Decohesion of a rigid flat punch from an elastic layer of finite thickness

Abstract

Interfacial bond strength is a crucial mechanical property of solid adhesive joints that plays an important role in a wide range of applications. A common way of quantifying mechanical strength of an adhered interface is to measure the apparent adhesion strength by finding the maximum pulling force in a tensile bond test and dividing it by the area. Despite the simplicity of this method, there is growing evidence suggesting that the measured quantity is not necessarily an intrinsic attribute of the interface but depends on thickness of the adhesive film and size of the interface. In this work, the critical pull-off force of a flat rigid punch adhered to an elastic film of finite thickness is studied via asymptotic analysis as well as finite element (FE) simulations. The decohesion behavior is found to be governed by two dimensionless parameters η and φ: the former represents the deformation of the interface relative to the interaction distance of interfacial forces, while the latter denotes a correction factor due to finite thickness of the film. As η changes from 0 to infinity, the interface decohesion would take place from uniform detachment (DMT-like) to crack-like propagation (JKR-like).
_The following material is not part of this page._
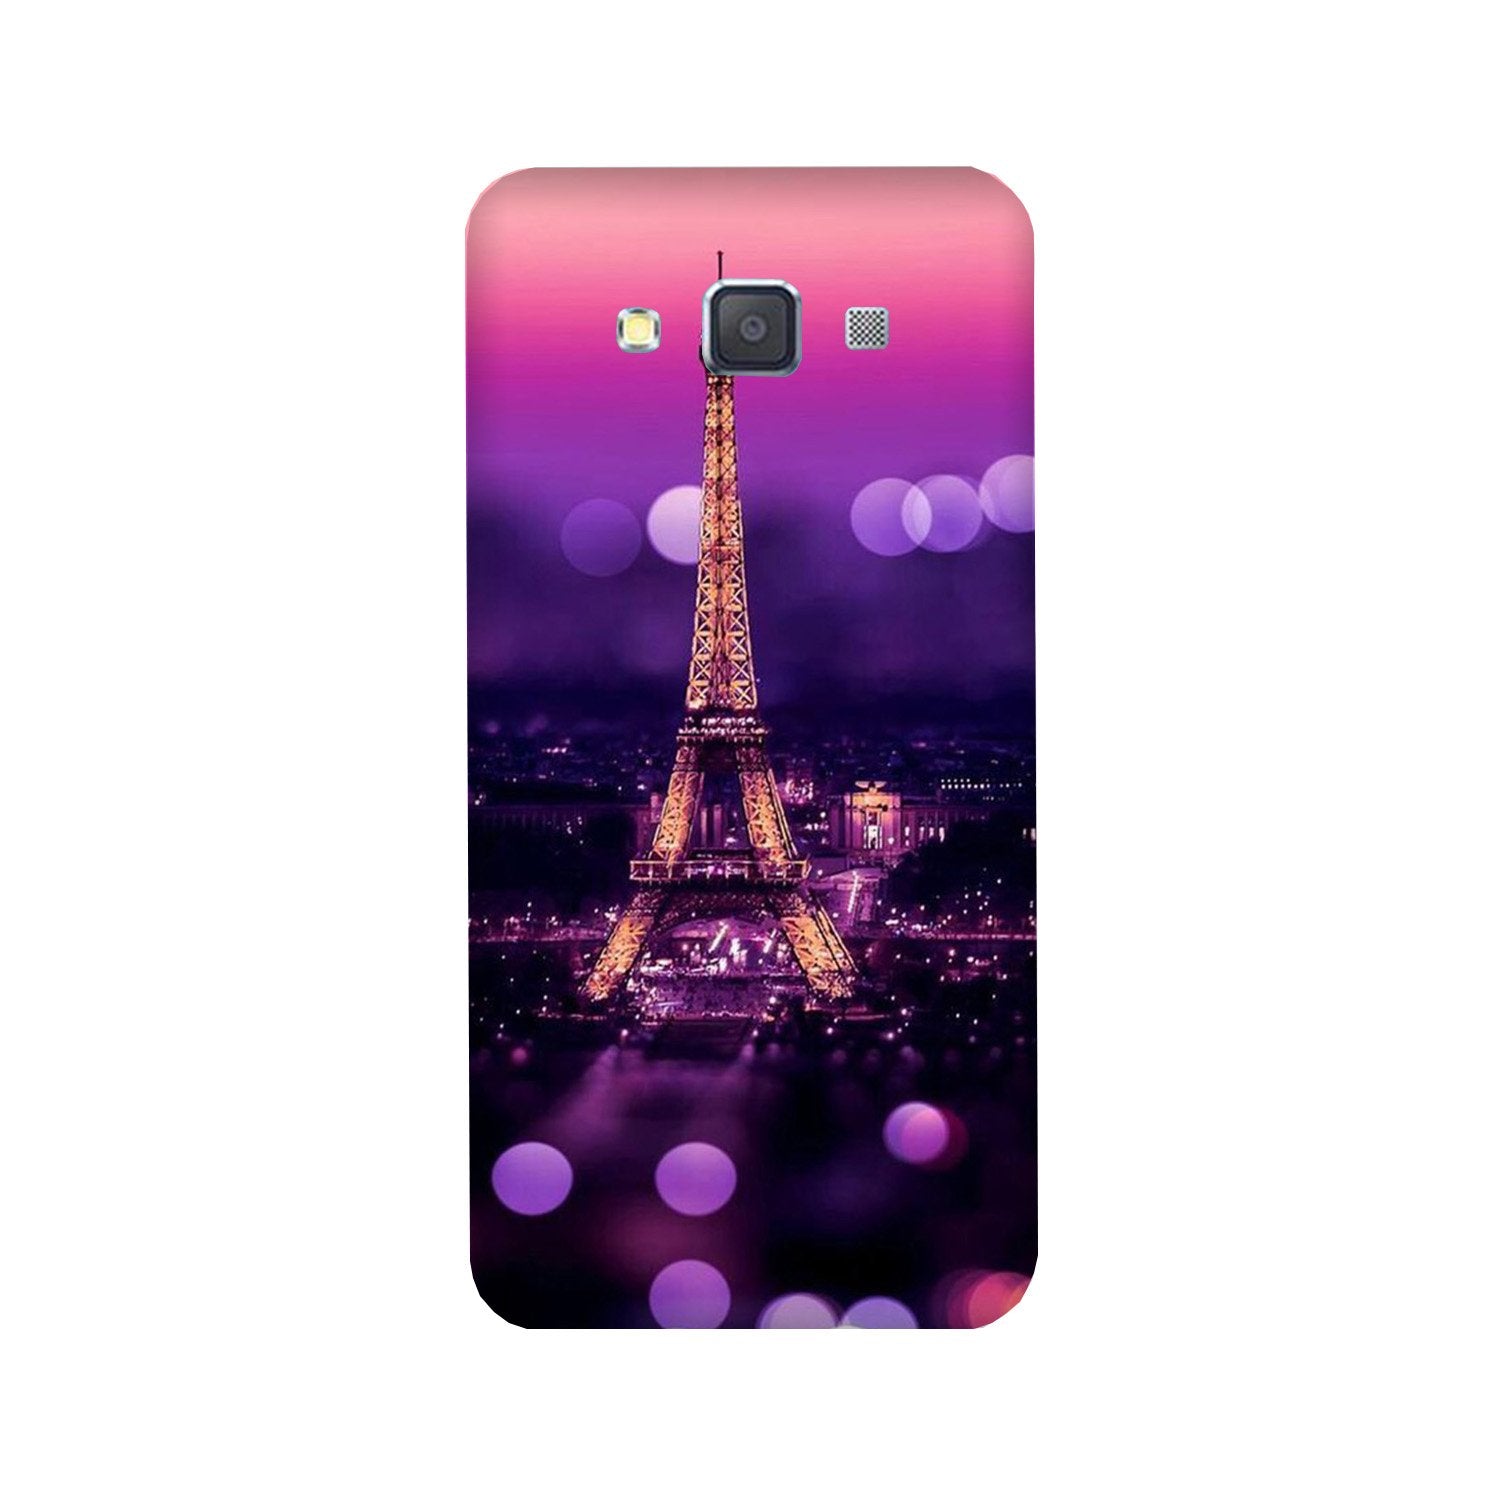 Eiffel Tower Case for Galaxy A3 (2015)
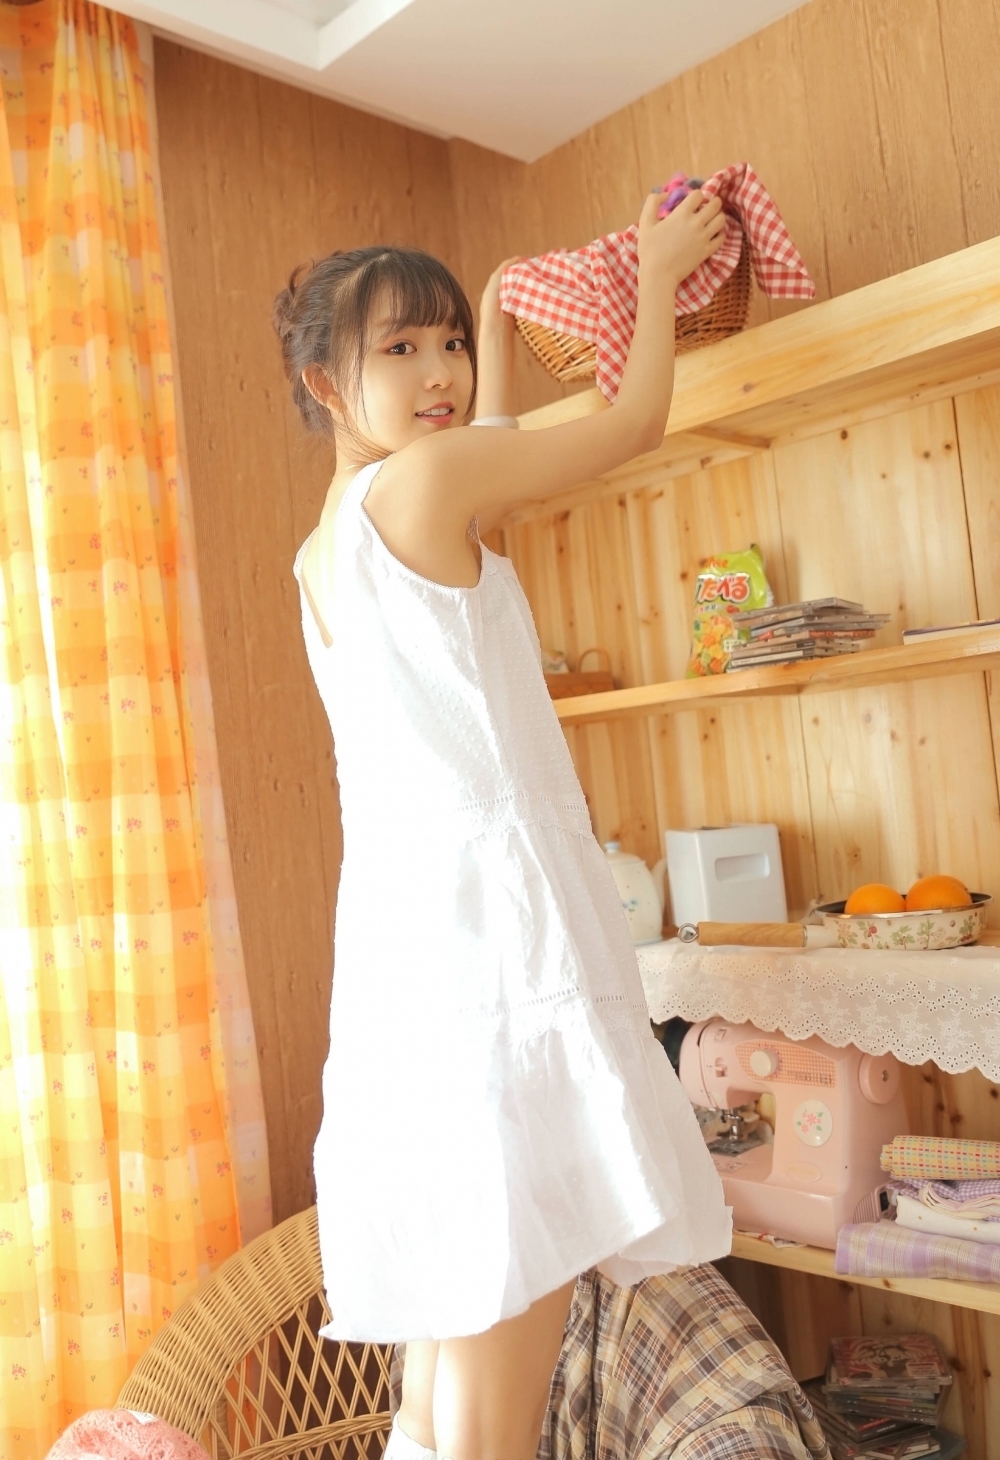 日系针织白袜吊带短裙居家少女私房写真

The transition behavior can be well described by an empirical solution, which suggests a new rational procedure to consistently characterize the intrinsic adhesion properties of an adhered interface from tensile bond tests. Finally, the general empirical solution and the adhesion characterization procedure are directly validated by a series of experiments via detaching a stainless-steel flat punch from adhesive Polydimethylsiloxane (PDMS) films. This work not only offers a clear and explicit solution to capture the transition behavior of interface decohesion but also provides a guideline for modulating adhesion performance via geometry rather than chemistry of the adhesives.